An exact copy of the listing is required, with its pictures removed.

## Data block
● ● ● ●
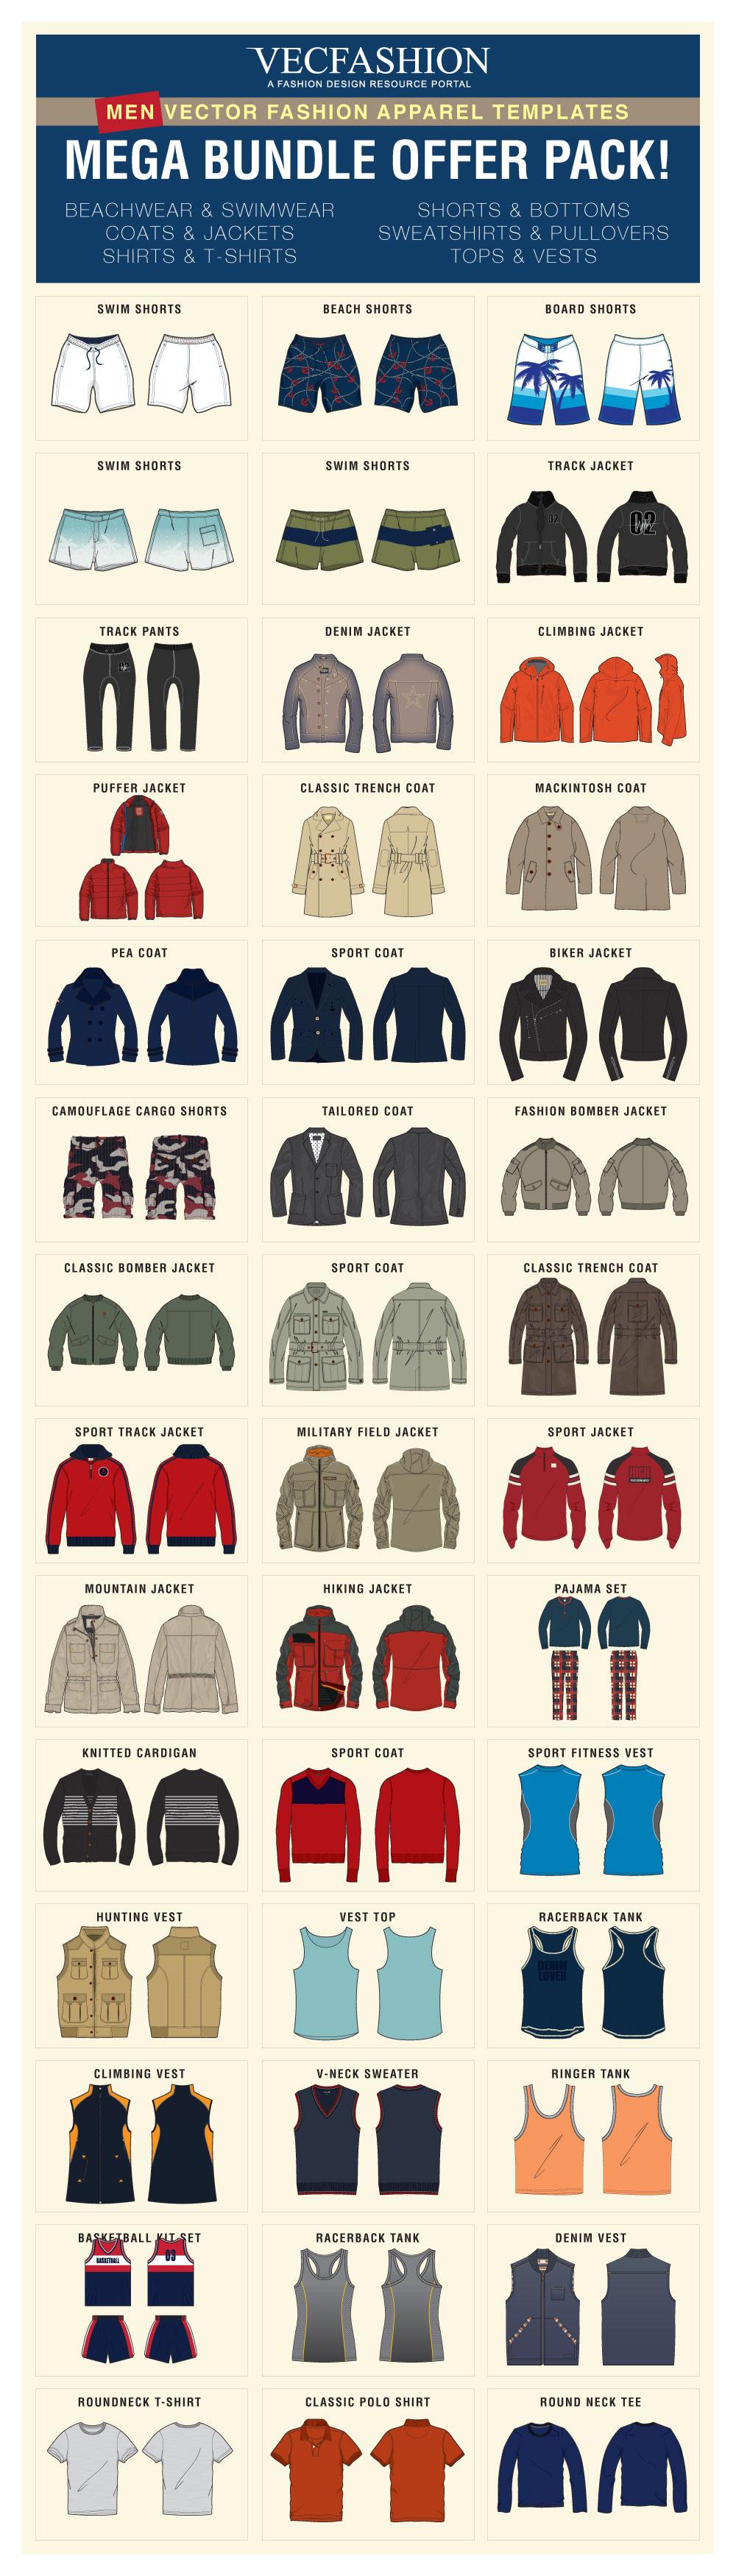 Men Fashion Templates Mega Bundle Offer Pack! example image 2
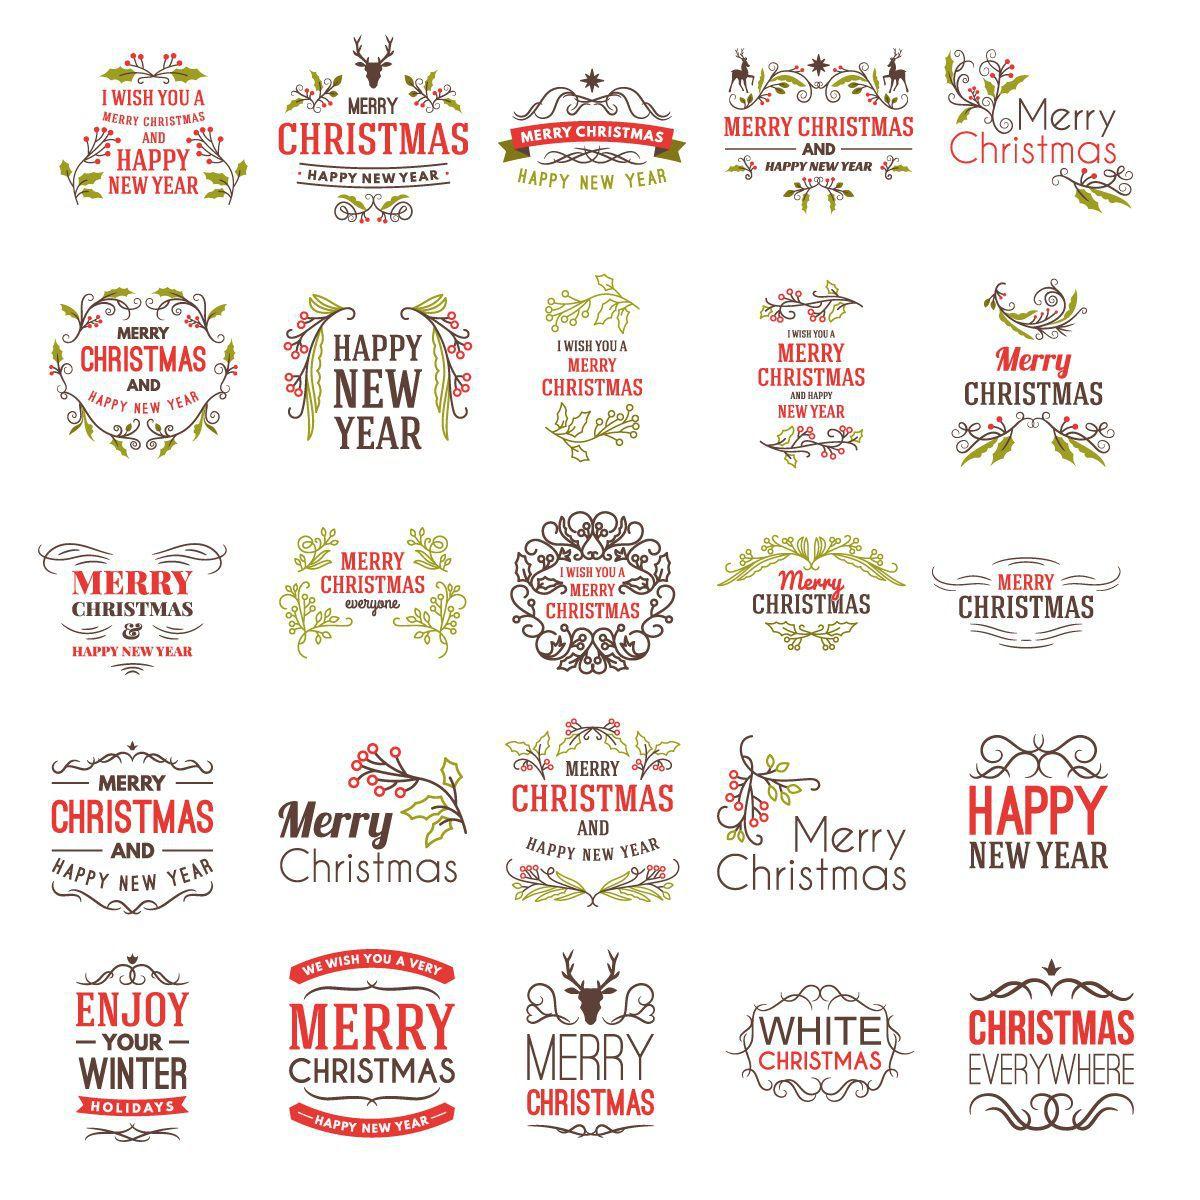 000 Awesome Free Addres Label Template Christma Sample  Christmas Return 30 Per Sheet Microsoft WordFull
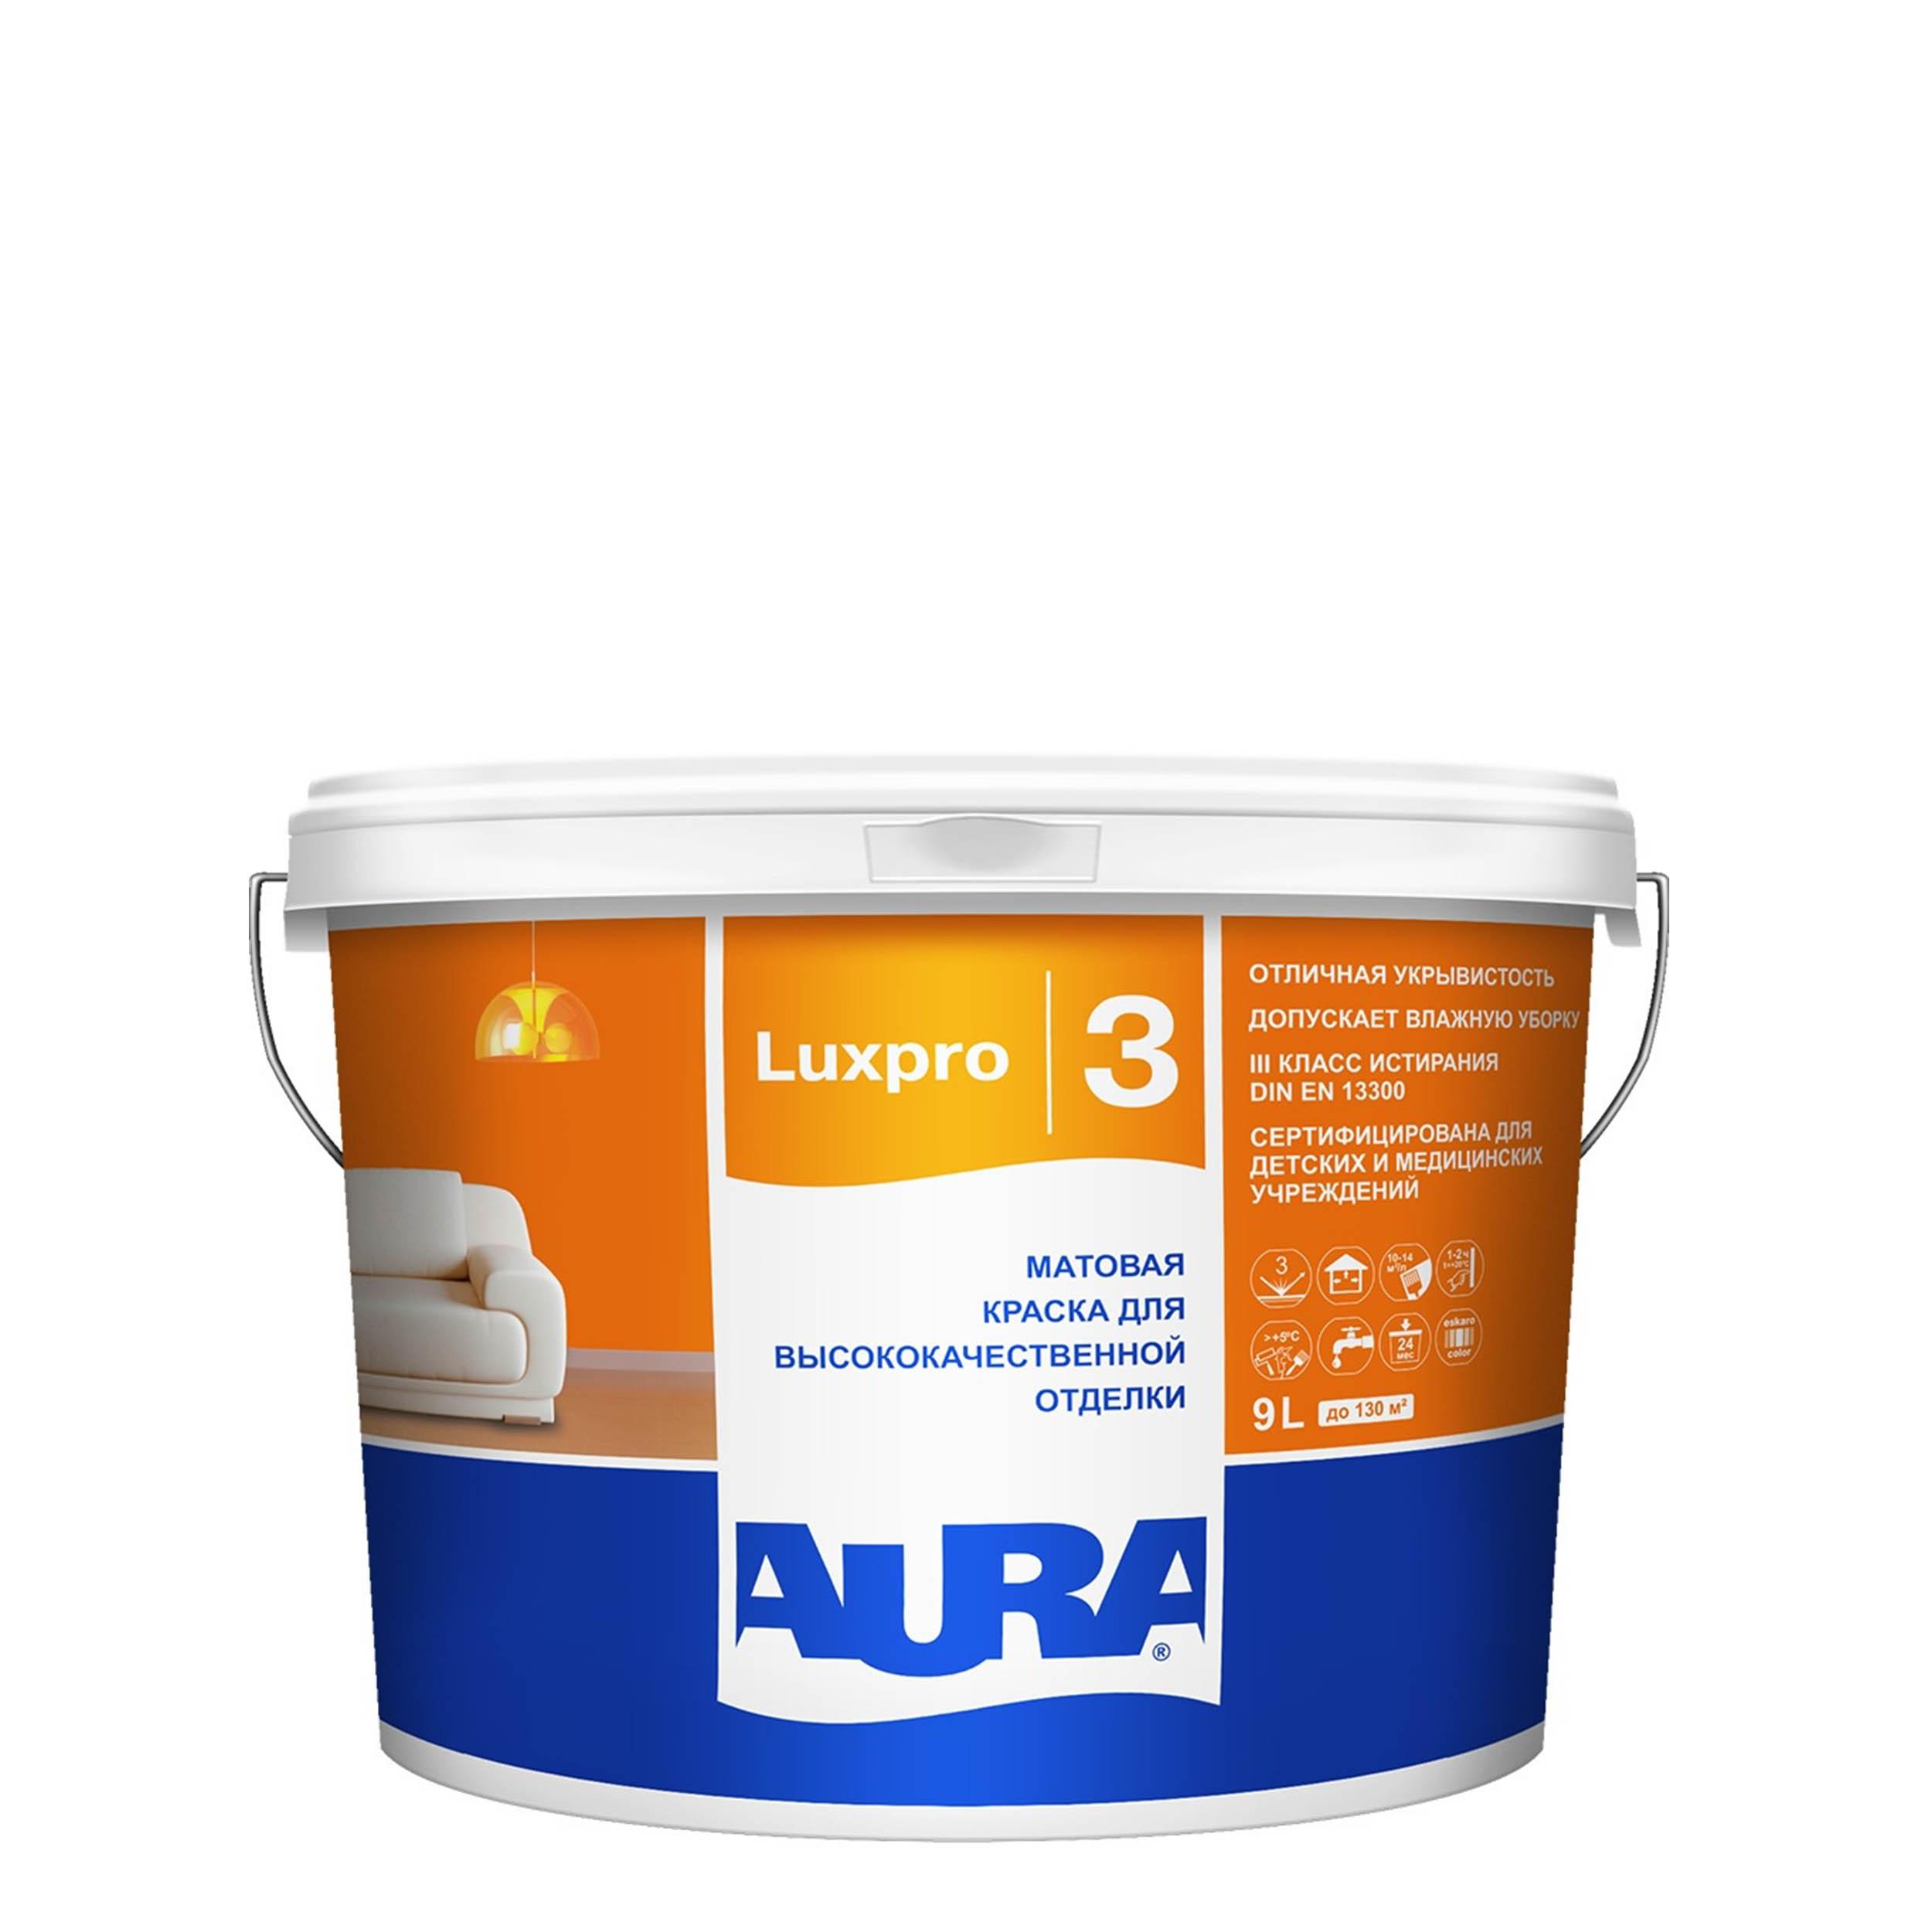 Фото 4 - Краска интерьерная, Aura LuxPRO 3, RAL 8012, 11 кг.
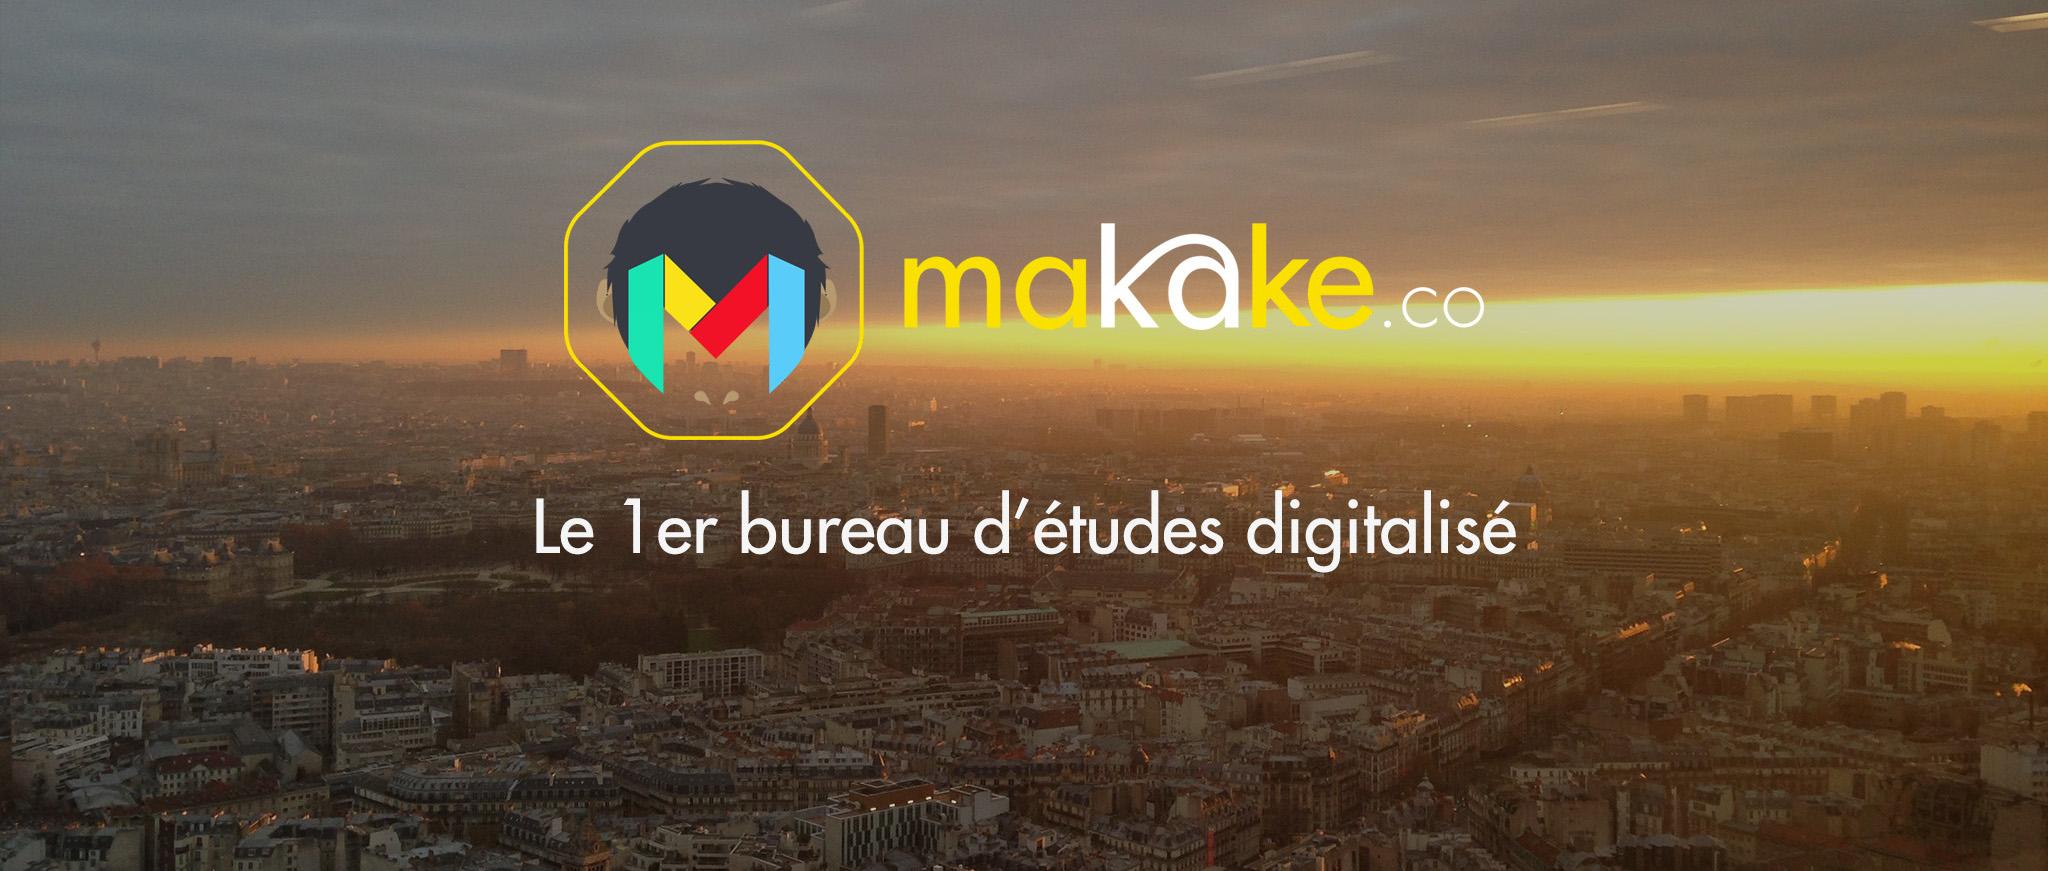 Makake - copie
● ● ● ●
## Task output
 Men Fashion Templates Mega Bundle Offer Pack! example image 2
 000 Awesome Free Addres Label Template Christma Sample  Christmas Return 30 Per Sheet Microsoft WordFull
 Фото 4 - Краска интерьерная, Aura LuxPRO 3, RAL 8012, 11 кг.
 Makake - copie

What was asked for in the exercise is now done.